The past decade has witnessed a dramatic increase in the prevalence of autism spectrum disorder (ASD), a neurodevelopmental disorder characterized by social communication and repetitive and restrictive behaviors (1). The CDC estimates that one in 54 children has an ASD diagnosis (2), up from the one in 88 prevalence reported about a decade ago (2). Currently, ASD is diagnosed using behavioral measures, so a diagnosis cannot be made until toddlerhood or later when behavioral symptoms are reliably observable (3). However, there is strong support for the assertion that early intervention leads to better intellectual and behavioral outcomes (4,5). Therefore, a central focus for the field has been to develop identification tools using biological markers to facilitate earlier detection and subsequent intervention of ASD.
Neuroimaging measures provide strong candidate tools for early identification as they can be obtained from the newborn period onwards. For example, several recent studies have used magnetic resonance imaging (MRI) data collected in infancy to predict ASD diagnoses(6,7). However, MRI has several drawbacks, including expense and participant restrictions, making it a less feasible general screening tool. Electroencephalography (EEG), on the other hand, may prove to be a more scalable tool, given its low cost and ease of acquisition in awake and sleeping infants without participant restrictions. Moreover, EEG is known to be sensitive to brain-related changes in ASD before behavioral symptoms are observable (8–12). Initial efforts to predict ASD diagnoses using baseline (i.e. resting-state) EEG early in life have shown promise (13–16). However, diagnostic prediction using EEG recorded during tasks related to ASD symptoms has yet to be attempted and may outperform prior baseline EEG-based classification.
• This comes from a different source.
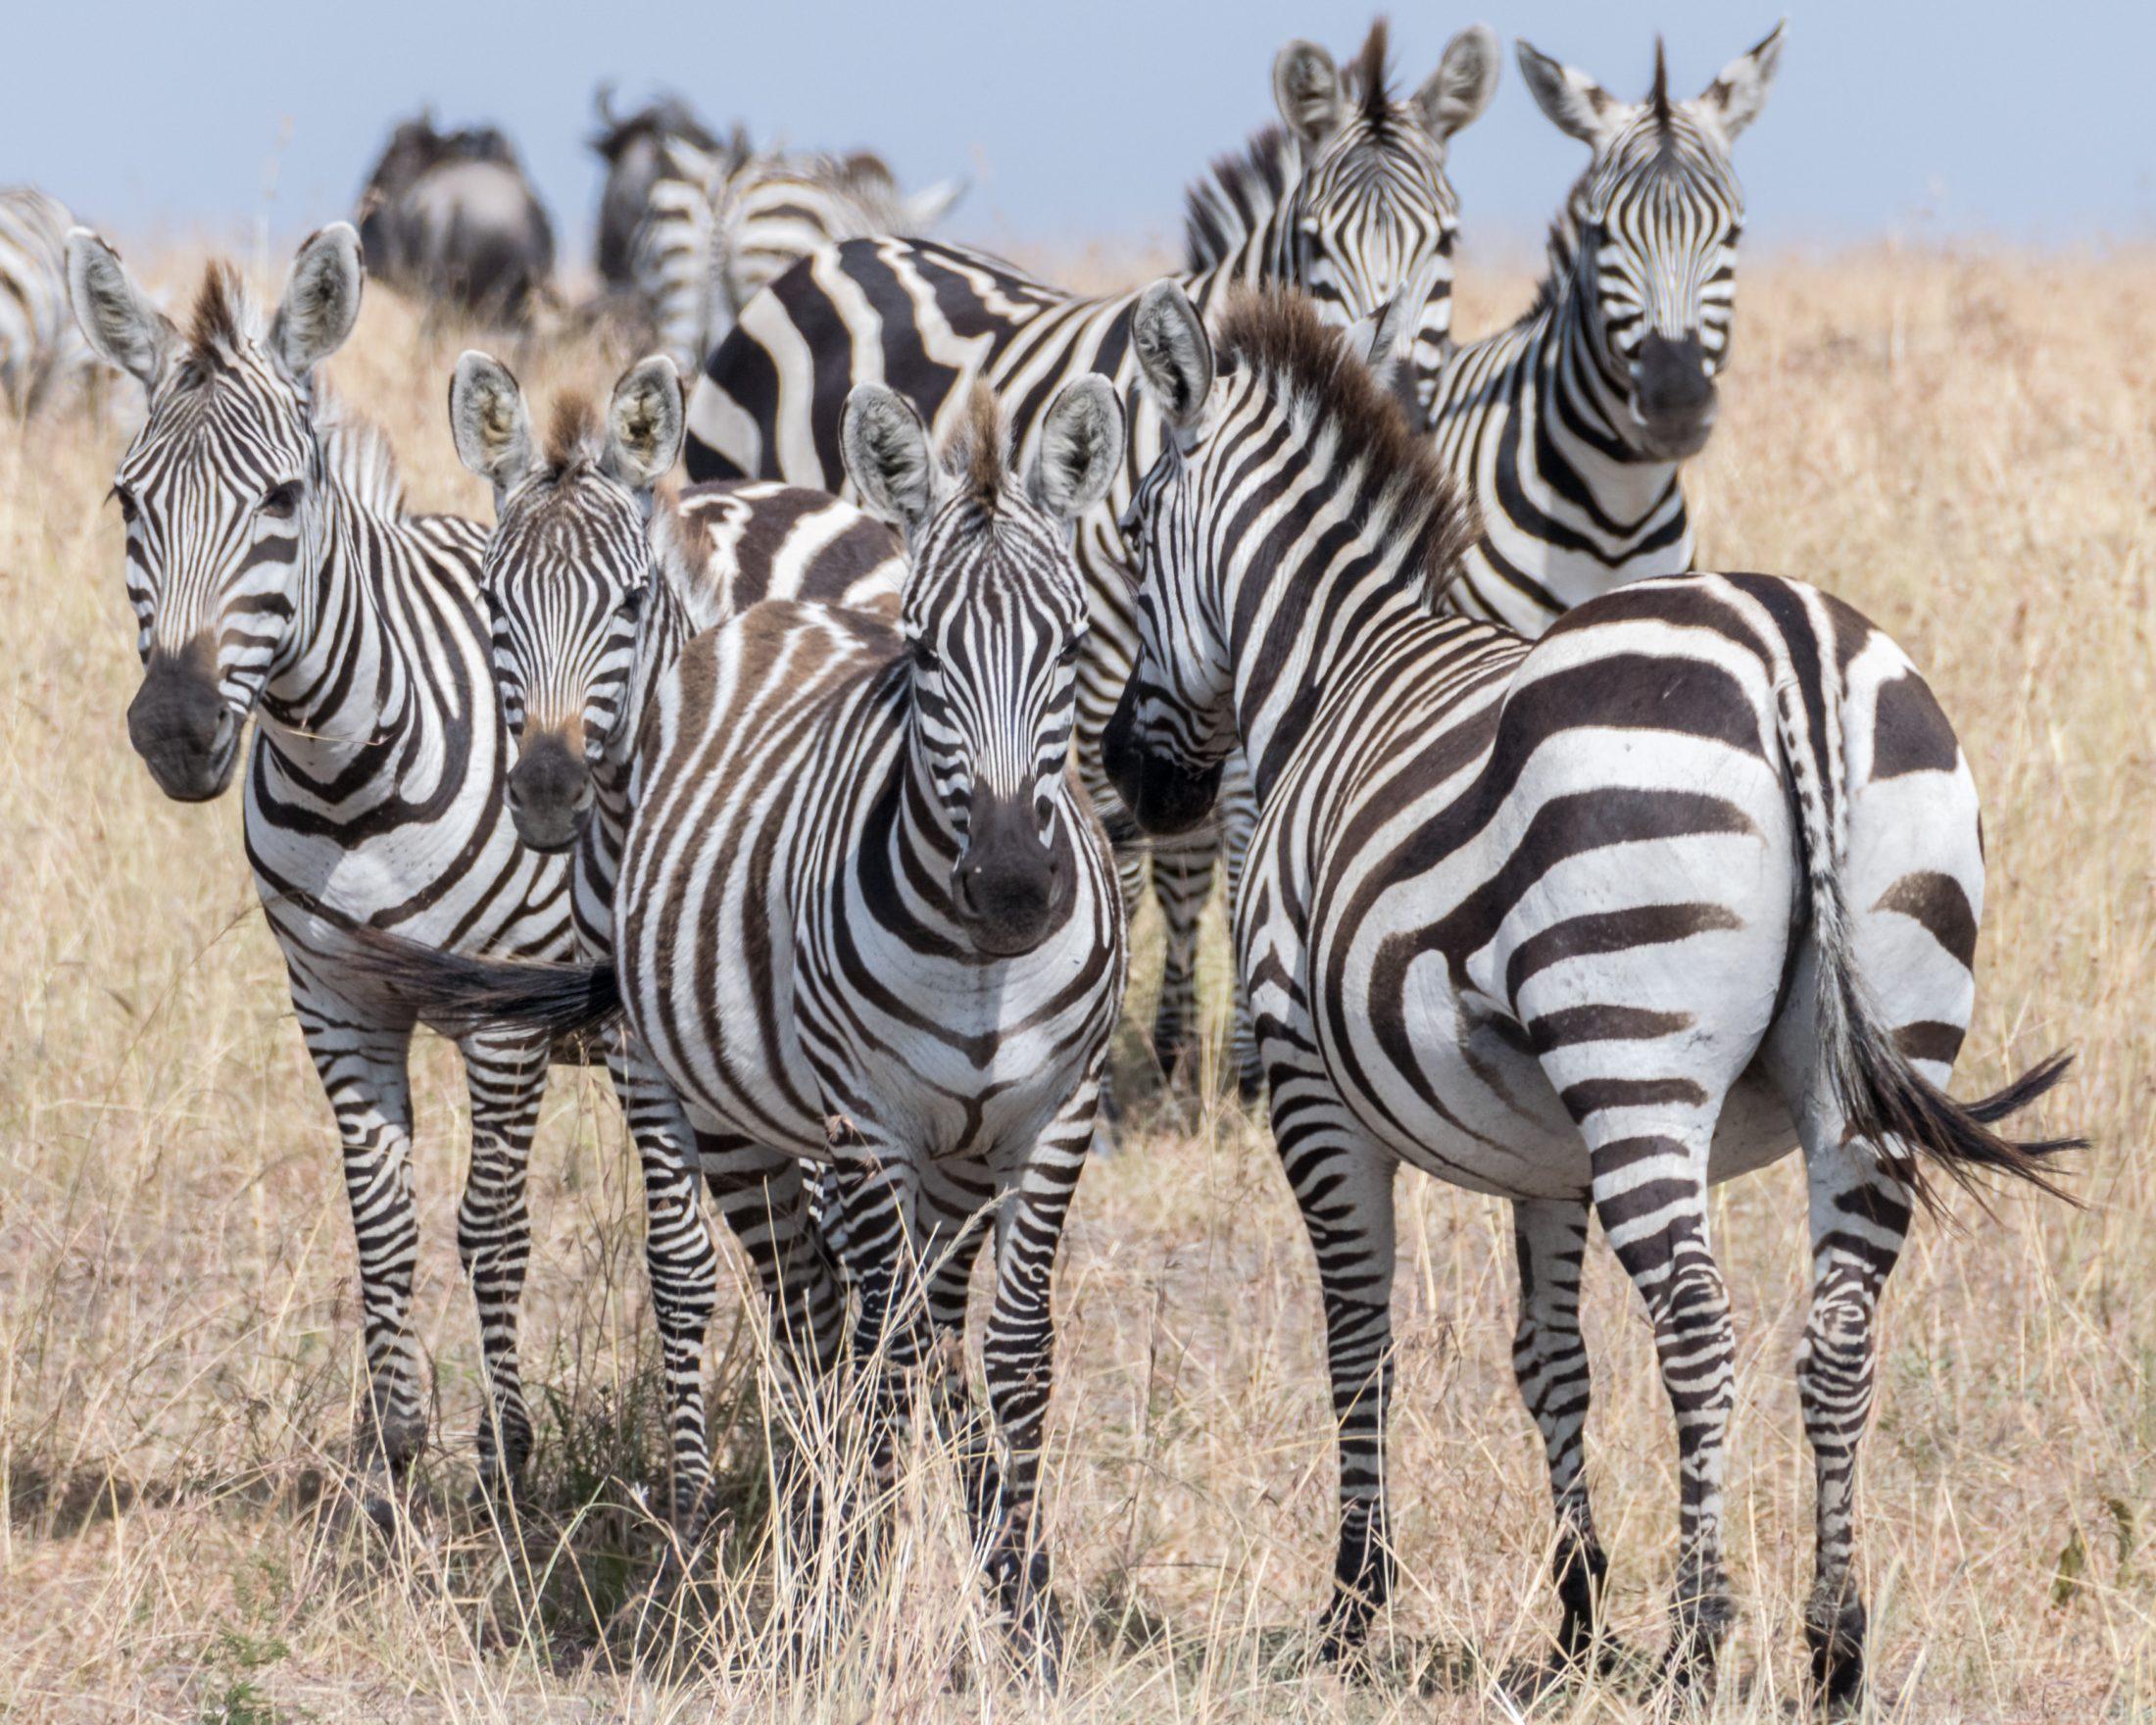 Sonhar com zebra doente é sinal de descuido com a saúde.

Language is frequently delayed or impaired in ASD (17–21), which may result from atypical peak synaptic sensitivity (22) and cortical excitatory and inhibitory imbalance (23) that disrupt neural circuits typically involved in language development. Therefore, focusing on the brain’s electrical activity during language processing may facilitate improved diagnostic prediction accuracy relative to baseline conditions, and provide insights into the neurobiology of language processing deficits within ASD. Notably, EEG has been used to measure differences in language processing in children with ASD who are older than 12 months (24–26), suggesting EEG is sensitive to atypical neural processing of language stimuli in ASD.
Perceptual narrowing of phoneme discrimination is a critical first stage in language acquisition (26,27) and may be processed differently in infants with ASD (28–30). That is, very young infants can discriminate between native and non-native phonemes better than adults, but they lose this ability over the first year of life as their phoneme perception is tuned to the language(s) experienced in daily life (31). Therefore, this study focused on the phoneme learning window over the first year of life as a potential source of early indicators of subsequent ASD diagnosis.
There were two overarching goals of the present study. First, we aimed to evaluate whether EEG data collected during a language phoneme task at either 6- or 12-months of age in infants with familial risk for ASD can accurately predict later ASD diagnosis. We utilized EEG data collected from high familial risk infant siblings as part of a prospective longitudinal study, where diagnosis of ASD was determined at 2–3 years of age. Though power analysis of EEG is most common, nonlinear measures can capture dynamical properties of the brain that power analysis is not able to quantify. Nonlinear measures of adult EEG have accurately classified other clinical conditions, including depression (32–34), schizophrenia (35–37), and epilepsy (38–40). Our lab previously found that these measures computed from resting-state EEG are useful in predicting ASD outcome (15), and we now aim to improve predictive capacity by evaluating these measures on task-related data. Second, given that expected perceptual narrowing of phoneme discrimination occurs between 6 and 12 months of age, we aimed to compare the EEG features most predictive of diagnosis and determine whether there are developmental differences in which features are most important during versus after the language phoneme learning period.